Mary Ann Conrad and her husband, Dan, Albuquerque, New Mexico, drove the support vehicle for the Center for Sustainable Climate Solutions’ cross-country bike ride, summer of 2021. Janelle and Omar Landis-Kheshgi are supporters of Mennonite Creation Care Network.
I took a few days off from the Center for Sustainable Climate Solutions bicycle ride to visit my friends Janelle and Omar Landis-Kheshgi in the northern Chicago suburb of Glenview, Illinois where they have created a “homegrown national park” in the vein of Douglas Tallamy’s movement.
On a quiet, sidewalk-lined street, their quarter-acre property on Parkview Road is truly an oasis of natural beauty where birds and butterflies thrive alongside fruits and vegetables. This habitat corridor attracts both wildlife and passing neighbors who may pick up free gifts of surplus squash and tomatoes.

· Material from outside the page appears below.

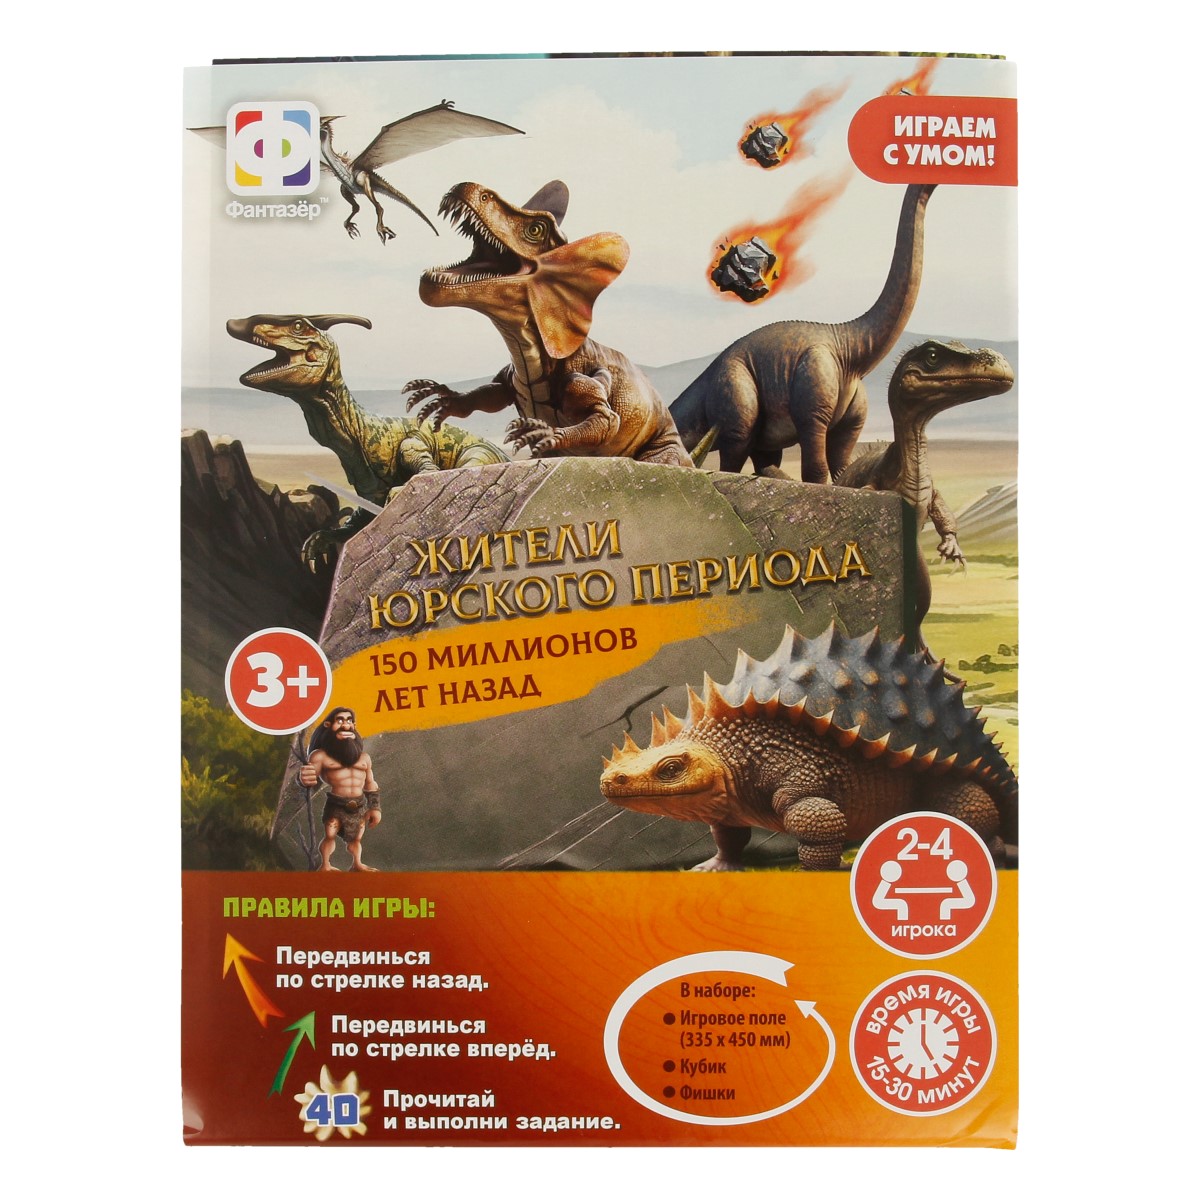 Игра с фишками 450*340 мм "Динозавры" в пакете 5+

“We have several spots where you can just sit, watch, listen, and lower your blood pressure,” says Janelle.
Members of an ecosystem
As we sit on the screened-in porch eating soup made from fresh garden vegetables, a house wren warbles liquidly from the tree outside. We had just toured the outdoor landscape together where Janelle and Omar’s relationship to their natural world is evident and inspiring. Even they, with their intimate relationship to each living plant and its carefully placed label, find surprises and welcome them with childlike joy.
I wander with camera in hand past tall milkweed and elderberry and am transported to my childhood spaces in Eastern Pennsylvania where Janelle and I grew up. So much has changed in American landscaping since our parents’ farms of the 50’s dissolved into suburbia. Omar laments the local garden club’s dependency on garden center plants rather than native species.
“A person doesn’t want to be a plant collector, but a natural member of an eco-system,” he says.
Janelle gently upturns the thin leaf of a whorled milkweed to show me a monarch egg. We move over to the prairie milkweed to see the larvae which she determines to be a second instar after consulting her guide. Janelle is registered with The Chicago Field Museum Monarch Monitoring Project where she reports on her monarch larva regularly. This year, the count is down. An adult flits above the 8 species of milkweed planted on this oasis and feeds on the tall Joe Pye weed that almost hides the neighbor’s house.
Feasting from a silver bowl
Although the strawberries are over, I feast on raspberries, blueberries and the last apricot of the season. Apples, pears, and peaches hang heavy and green on the branches of fruit trees around whose feet wildflower seeds sprout. Tomato plants line the south side of the house in tall wire cages. The back garden sports rows of beans, squash, cucumbers, and more—my mother’s, Janelle’s mother’s gardens in less space than I’d have dreamed possible. Across a generation, I smell pure love of the land and love that moves out to share abundance.
As I write, Janelle arrives with a steel bowl loaded with the first cucumber, string beans, sugar peas and summer and patty pan squash. Our lunch salad will be incredibly blessed.
I hear Janelle talking by phone with her 100-year-old mother back in Pennsylvania. She is describing the wealth in her silver bowl, and together, they are celebrating the amazing bounty. I think about this place, this small plot of land–Omar’s parents’ home that he has loved for many years and now nurtures so tenderly. If you get him started, this quiet man will talk on and on–“ranting” as he calls it–about his concerns for our natural world and our relationships in it.
Not just respite but where we need to be
This small, unassuming place is an appropriate stop along my climate ride journey. These ordinary people who have raised their family, celebrate grandchildren, and now focus their energy on their garden and the names of each precious plant are the ones who can speak to us about climate change and the changes we need to make to address it. I thought I was coming for respite from heat and campsites awash in the noise of highways, RVs, and street lights. I thought I was leaving the climate ride, only to find that I am where we are slowly learning we need to be, focused less on covering miles and more on savoring place.
Here I have indeed found a homegrown park, a space where humans, plants, birds, and insects share an Eden I would not have imagined possible. If we are to take seriously Janelle and Omar’s challenge to live as one in our little ecosystems, there would be fewer jets required to fly us around the world in search of landmark selfies. We would retrain our ears to hear the white-throated sparrow’s song, our eyes to recognize the little black feelers on the monarch caterpillar’s head. I had to look twice to really see the fragile monarch-to-be, and then the tiny black lines of the larvae’s body jumped into focus.
Our future and the future of the butterfly are connected. As I watch Janelle and Omar in their habitat, I think of Adam and Eve naming things, giving them labels and space to grow. I remember our parents and grandparents staying close to home and close to the land as they nurtured us. Somewhere along the way, we lost more than we realize in claiming wealth that is not wealth, in assuming we can go anywhere, know all, and own what was never meant to be owned–this garden, our earth.